Senyum wanita paruh baya menyambut kedatangannya ketika pintu terbuka. Sebuah garis senyum yang begitu ia kenal karena diturunkan pada sosok kekasihnya.
Min Yoongi membungkuk hormat sambil menyapa—ehem—calon mertuanya. Pun Nyonya Park tidak pernah untuk tak ramah tiap kali kekasih putranya datang berkunjung ke rumah.
Ajakan masuk segera diindahkan Yoongi yang dilanjut mengganti sepatu dengan sandal rumah. Tangannya masih memegang keranjang buah, kantung berisi oleh-oleh, dan sebuket bunga kecil.
"Tidak perlu repot-repot membawa semua ini, Nak Yoongi." Maksud Nyonya Park adalah kantung oleh-oleh yang berisi camilan khas Indonesia.
Malam kemarin, Yoongi baru tiba dari Indonesia guna urusan bisnis. H-2 dari jadwal kepulangannya, ia mendapat kabar bahwa belahan jiwanya, Park Jimin, sudah diperbolehkan pulang dari rumah sakit. Mendapat kabar seperti itu, tentu saja Yoongi bahagia luar biasa. Kekasihnya telah negatif dan diperbolehkan melanjutkan perawatan di rumah, berkumpul bersama keluarganya.
"Eomoni harusnya mencegahku lebih awal," kelakar Yoongi.
"Kau ini." Nyonya Park memukul halus lengan Yoongi disertai senyum teduhnya. Kemudian mata wanita itu melirik buket bunga yang masih ditenteng Yoongi.
"Ah ... harusnya aku membeli dua," ujar Yoongi.

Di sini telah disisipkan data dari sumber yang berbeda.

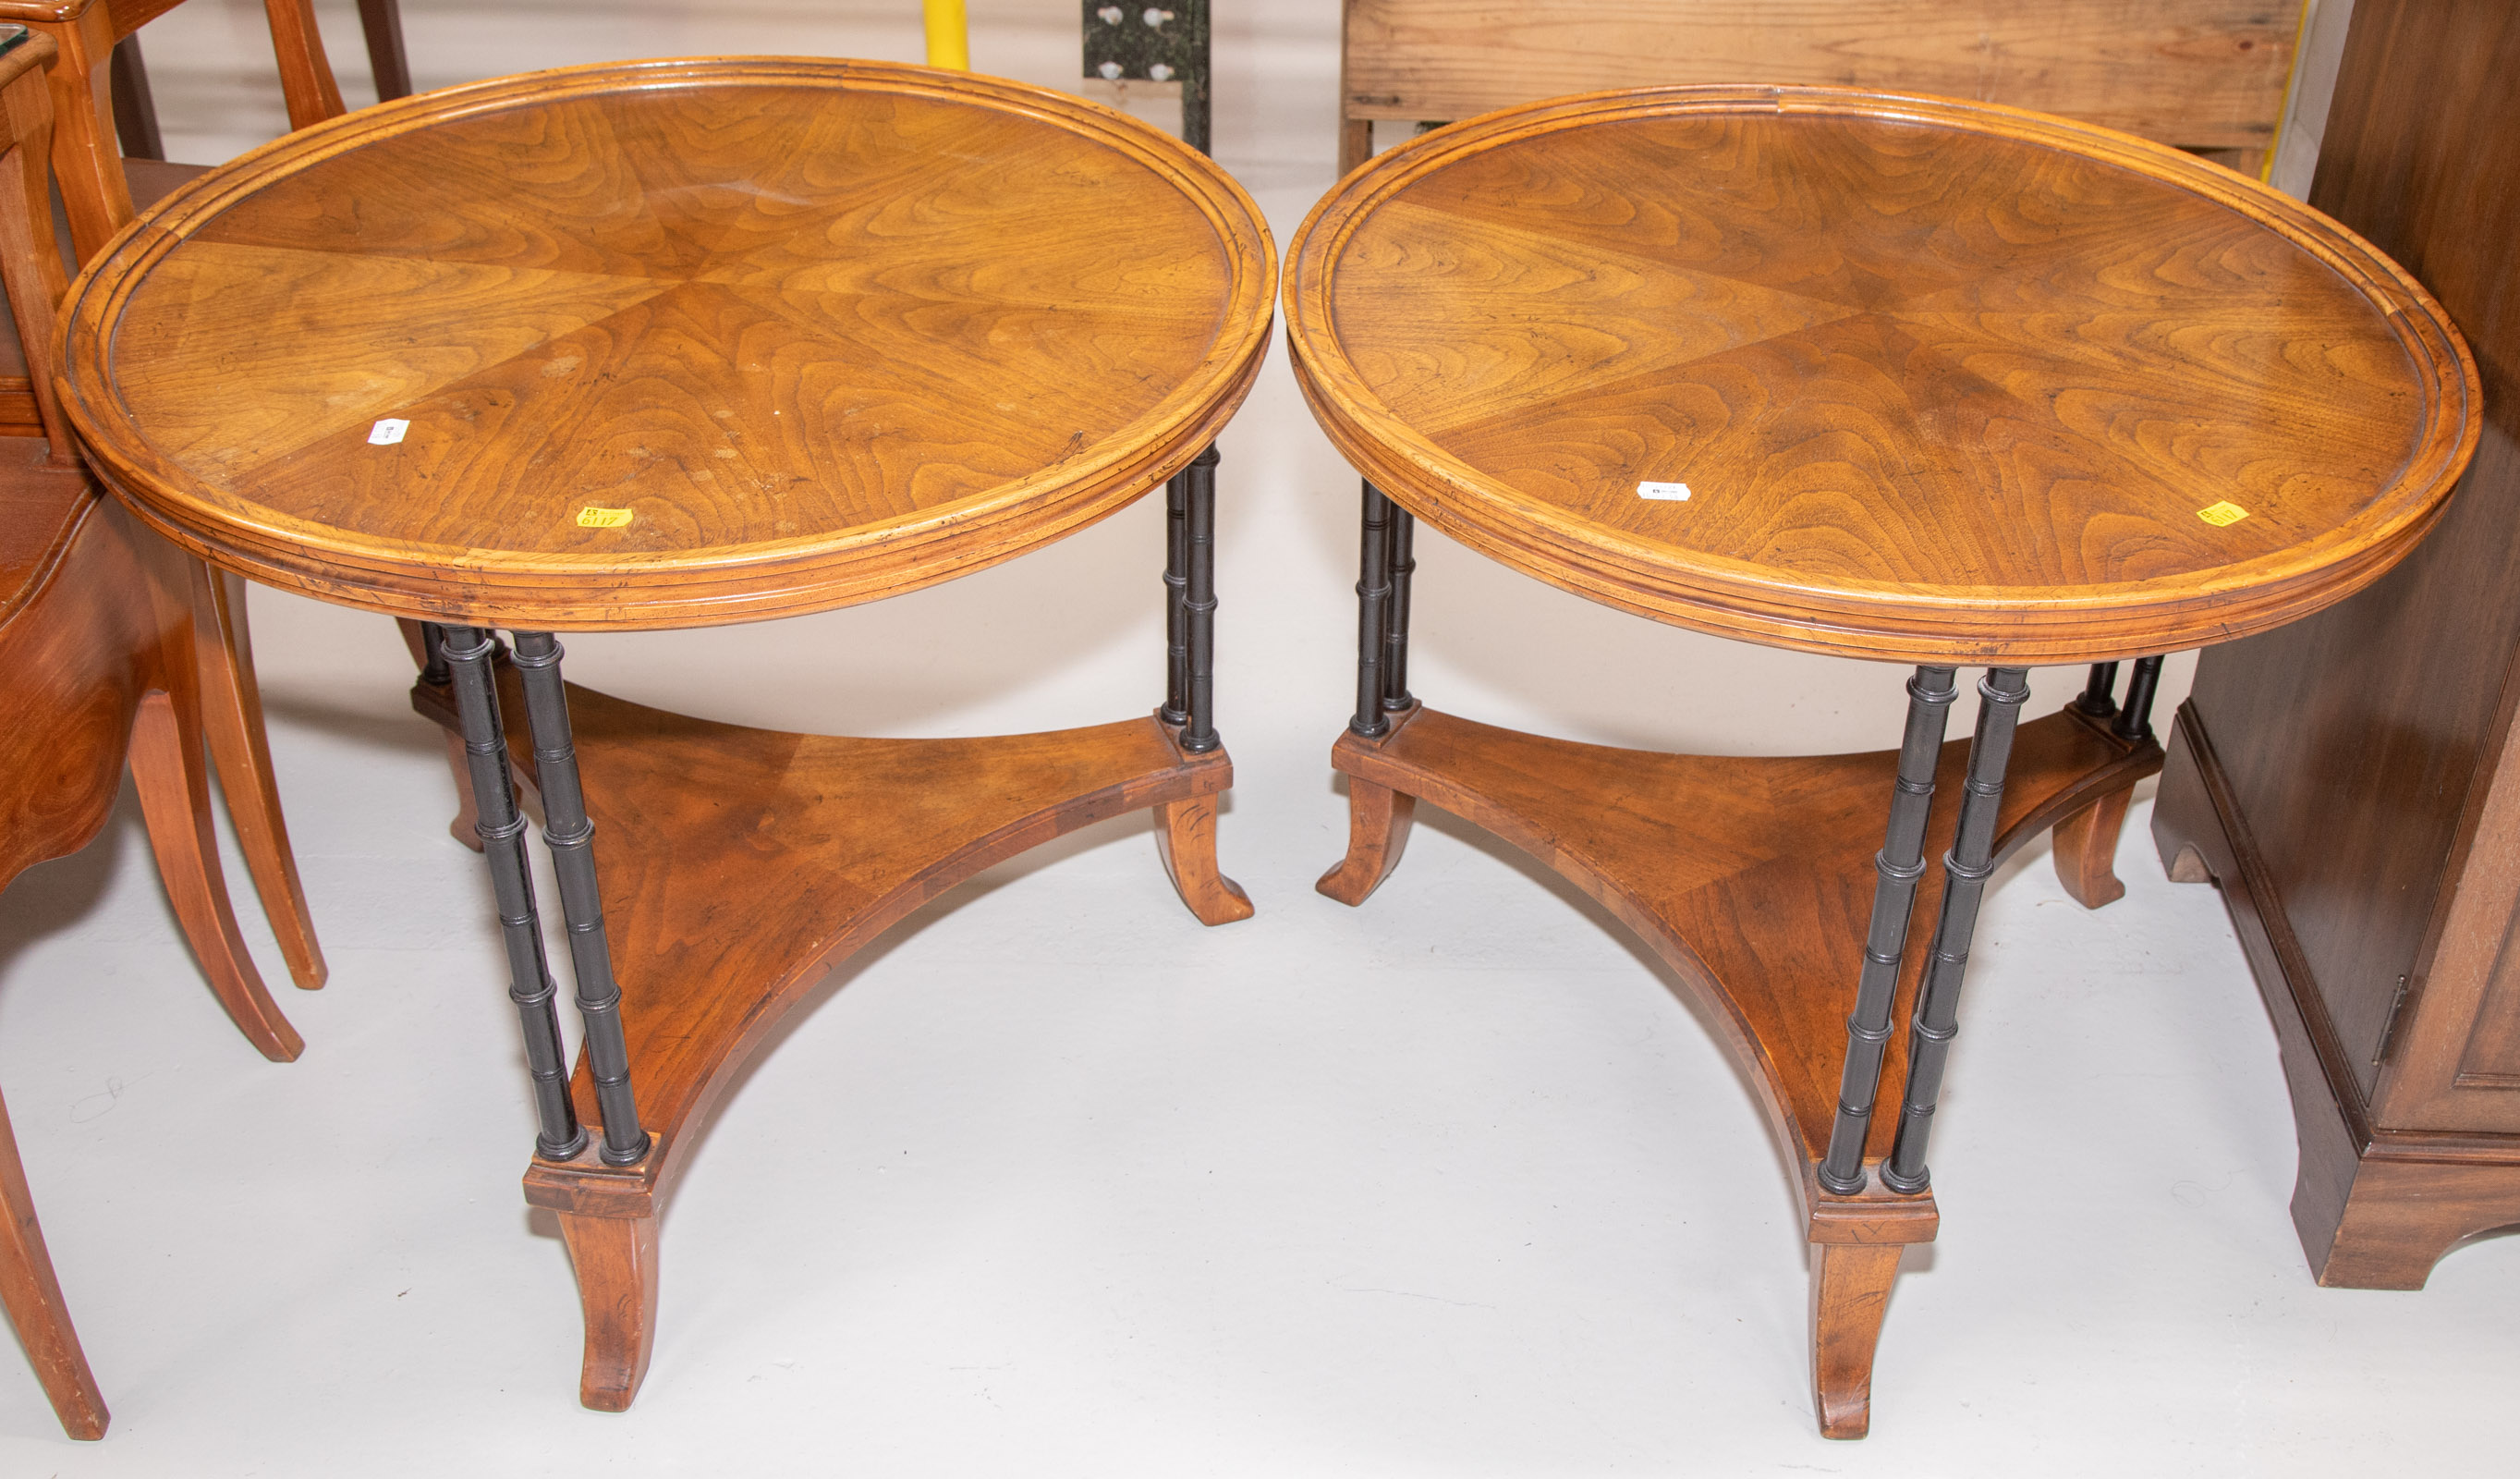 A PAIR OF NEOCLASSICAL STYLE ROUND END

"Hahaha ...." tawanya renyah, "sudah-sudah. Aku akan meminta Park Appa untuk membelikanku. Nak Yoongi segera ke dalam saja. Sepertinya Jimin masih tidur karena efek obat."
Mengerti apa yang dimaksud, Yoongi lantas pamit untuk menemui kekasihnya. Sepelan mungkin ia masuk supaya Jimin yang katanya masih tidur tidak terbangun. Buket bunga juga diletakkan pelan-pelan di atas sofa yang tidak jauh dari tempat tidur.
Yoongi duduk di kursi tanpa sandaran yang lebih dahulu berada di sisi ranjang. Diamatinya wajah tidur sang pujaan hati. Setidaknya rona kemerahan itu telah kembali pada pipi Jimin. Tidak seperti beberapa hari lalu.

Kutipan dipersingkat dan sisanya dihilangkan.